# The Ultimate Fighting Championship announced today the launch of UFC Gyms



## Clark Kent (Jan 28, 2009)

01-27-2009 08:22 AM: The Ultimate FightingChampionship announced today the launch of UFC Gyms in partnership withNew Evolution Fitness Company (NEFC).Here is an excerpt from the press release. 

More...
MMA Ring Report
The hardest hitting news from the hardest hitting sport.


----------



## jarrod (Jan 28, 2009)

could this be the chain of mma mcdojos we've always hoped for?

jf


----------



## crushing (Jan 28, 2009)

jarrod said:


> could this be the chain of mma mcdojos we've always hoped for?
> 
> jf


 
At the very least.  Sounds like jobs to me.


----------



## elder999 (Jan 28, 2009)

jarrod said:


> could this be the chain of mma mcdojos we've always hoped for?
> 
> jf


 
It might be-but it might not be any worse than the franchises that Randy Couture and Bas Rutten have set up.....


----------



## terryl965 (Jan 28, 2009)

jarrod said:


> could this be the chain of mma mcdojos we've always hoped for?
> 
> jf


 
Maybe they will become the new TKD and we can get back to some serious training and people will leave us alone.YEA!!!


----------



## CoryKS (Jan 28, 2009)

Will it have an in-house tattoo parlor / hair dye salon?


----------



## Brian R. VanCise (Jan 28, 2009)

Well it will happen and the UFC name is a powerful brand right now.   I imagine though that each gym will only be as good as the owner who has the skill sets to make it work.  Still it does sound McDojo'ish.


----------



## ChitNasty (Jan 28, 2009)

SWEEEEEET! Soon they will be handing out UFC MMA Black Belts for a small fee!


----------



## Nolerama (Jan 28, 2009)

The same thing happened with skating in the late 90's. With the media popularity of action sports coming to a head, Vans decided to create a chain of skate parks in an attempt to cash in on memberships, ticket sales, and merchandise.
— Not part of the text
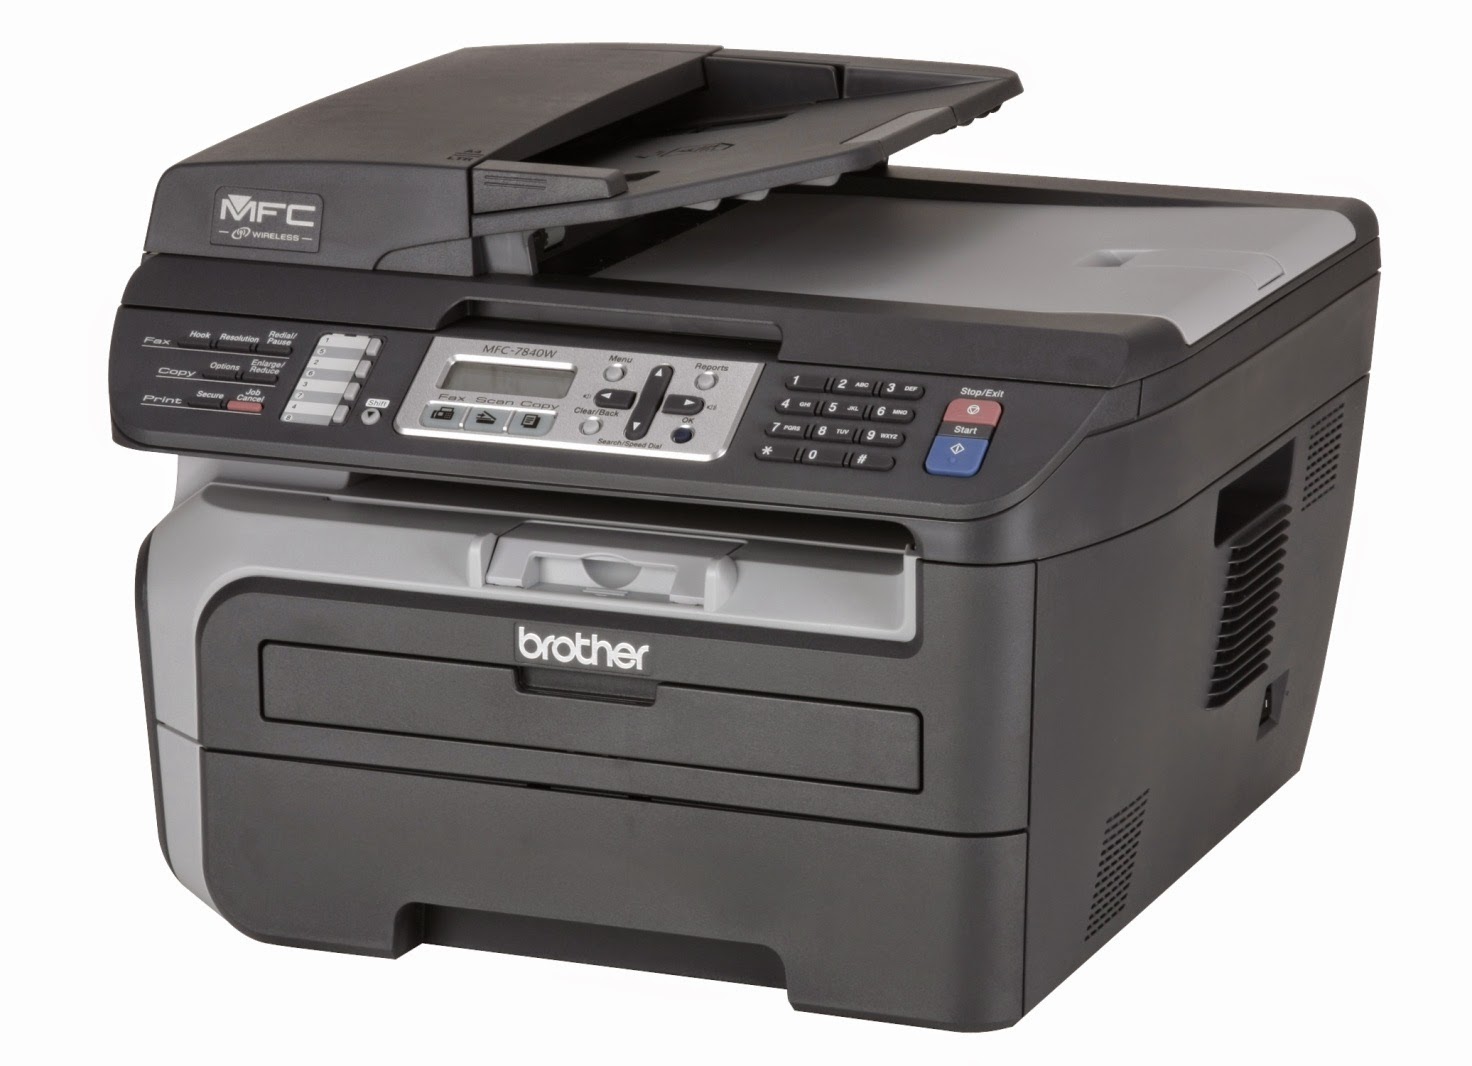 download driver for brother printer

While it was pretty fun for a while to visit some of the these parks, it was a skater version of a McDojo. I remember entering a transition on the vert spine (catching air and blindly rolling down another ramp) and crashed into a 6 y/o whose mom wasn't watching him. Luckily he was okay, but that soured my taste on corporately-owned places like Vans Skateparks...

If one opens up in STL, I'll check it out, but frankly, I see them opening and closing shop within a year or so due to the high cost of brand ownership.

Besides, what kind of people would that attract? I'll take my Club and training group over MMA fanboys any day. The smell of Tapout gear makes me dizzy, too.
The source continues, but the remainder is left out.